= Shishi (Japan) =

Japanese organization during the Edo period

Shishi (志士), sometimes known as Ishin Shishi (維新志士), were a group of Japanese political activists of the late Edo period. While it is usually applied to the anti-shogunate, pro-sonnō jōi (尊皇攘夷) samurai primarily from the southwestern clans of Satsuma, Chōshū, and Tosa, the term shishi is also used by some with reference to supporters of the shogunate, such as the Shinsengumi.

There were many different varieties of shishi. Some, such as the assassins Kawakami Gensai, Nakamura Hanjirō, Okada Izō, and Tanaka Shinbei, opted for a more violent approach in asserting their views. Kawakami Gensai, in particular, is recalled as the assassin of Sakuma Shōzan, a renowned pro-Western thinker of the time. Several assaults on westerners in Japan have been attributed to the shishi and associated rōnin warriors. In a 2013 article, these assassins have been called "early terrorists" (frühe Terroristen) since they opted to spread terror among the foreigners. Other more radical shishi, such as Miyabe Teizō, plotted large-scale attacks with little regard for public safety. Miyabe himself was one of the ringleaders of the plot, foiled by the Shinsengumi at the Ikedaya Incident, to burn Kyoto at the height of the Gion Festival.

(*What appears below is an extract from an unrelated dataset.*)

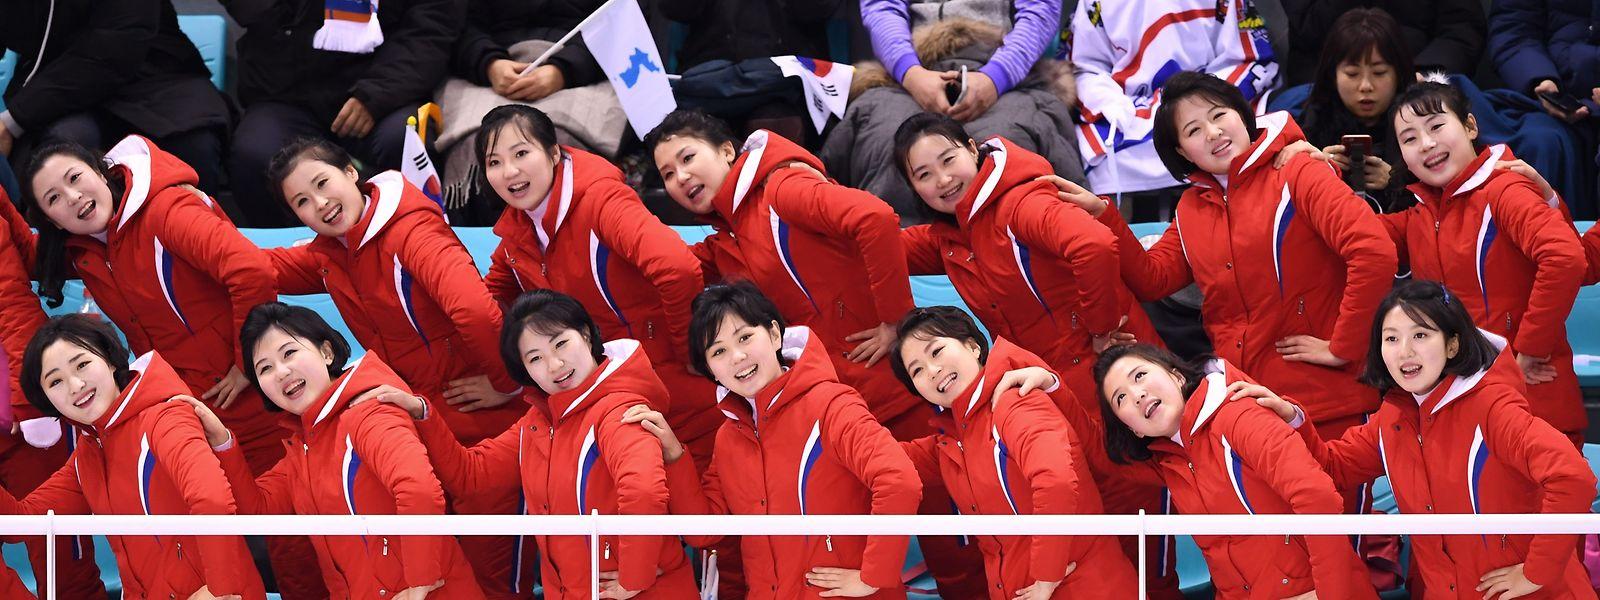 Die Cheerleaderinnen führen Choreografien auf, die man in der westlichen Welt so nur selten sieht.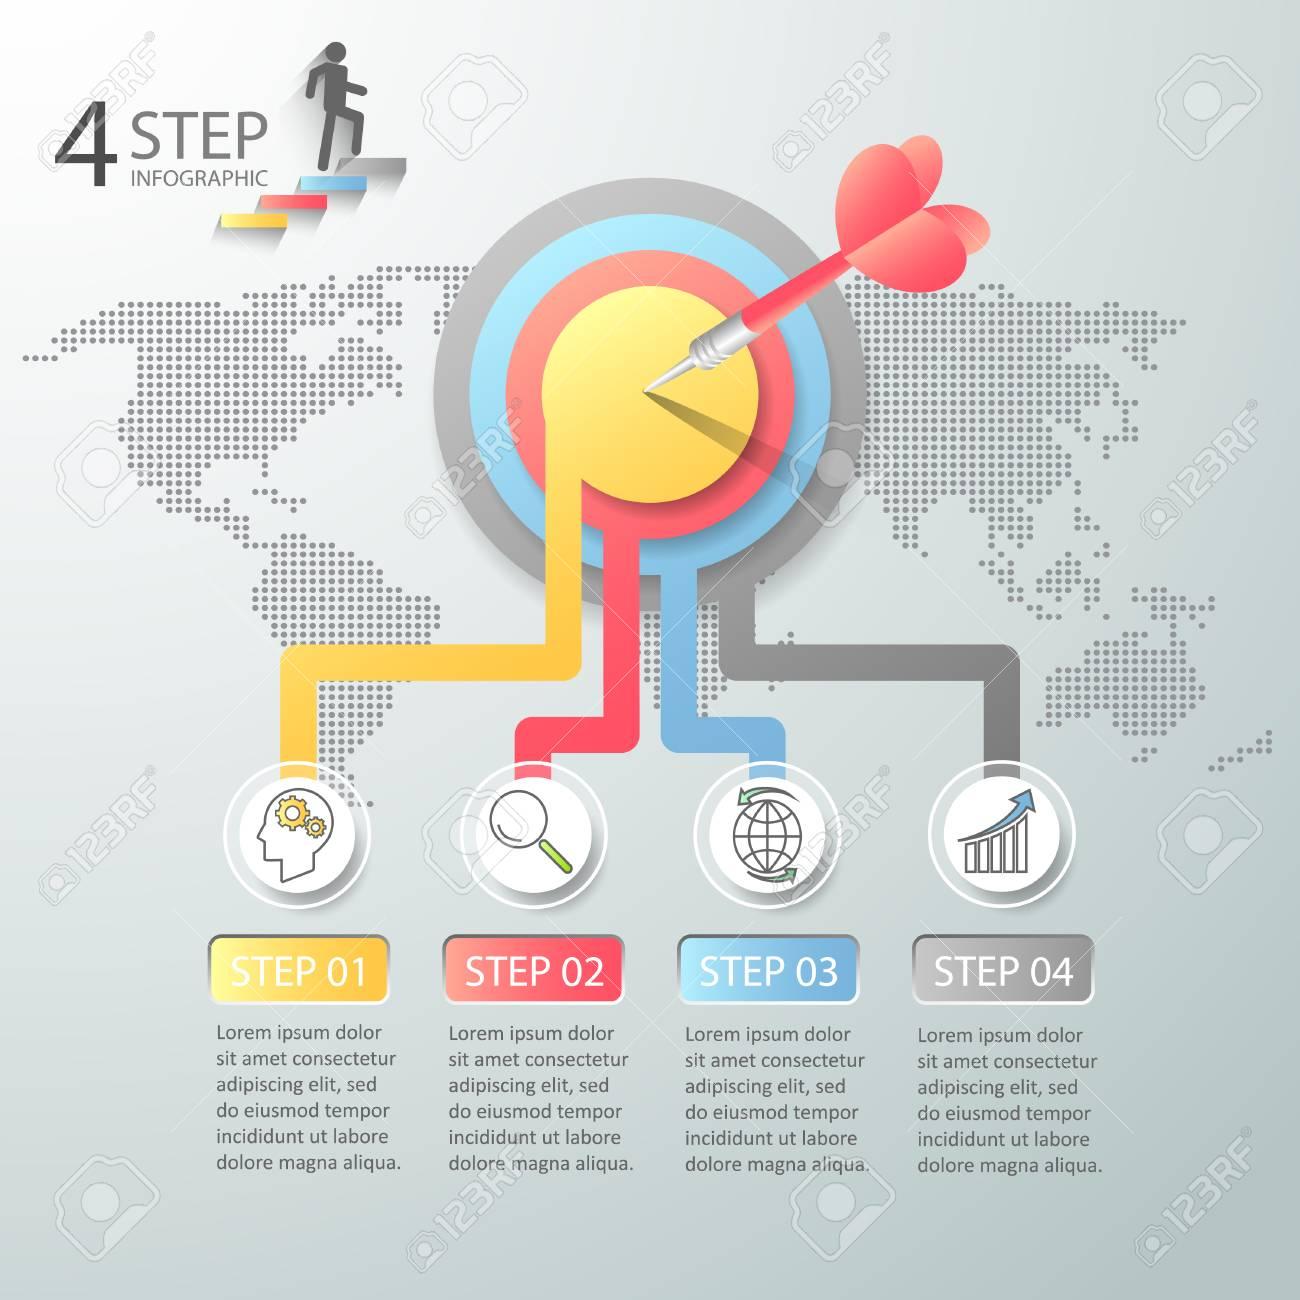 Options De Conception Infographie 4 Business Concept Infographique Peut être Utilisé Pour La Mise En Page De Flux De Travail Diagramme Options De

As mentioned above, shishi were not necessarily in support of bringing down the shogunate. Shishi from Mito were responsible for the death of the shogunal grand councilor Ii Naosuke, who was a signatory to treaties that favored foreign nations, and who had placed an underaged boy on the shogunal throne. Other Mito men and women arose in the Tengutō Rebellion, over the next several years. While these were definitely actions against the shōgun's government, they did not oppose the shōgun himself—indeed, the Mito shishi, who were retainers of a relative of the shōgun, believed they were only helping him.

Other shishi had more scholastic leanings. A prime example of this was the scholar Yoshida Shōin of Chōshū. He founded the Shokason-juku school, and educated many of the future government leaders of Meiji era Japan. Yoshida had connections to many prominent figures of the Bakumatsu era: Kawai Tsugunosuke, Katsu Kaishū, the aforementioned Sakuma Shōzan, and others.

The more radical shishi from Chōshū and Satsuma went on to form the core leadership of the nascent Meiji Government. Some, such as Itō Hirobumi and Yamagata Aritomo, remained prominent figures in Japanese politics and society until the early decades of the 20th century.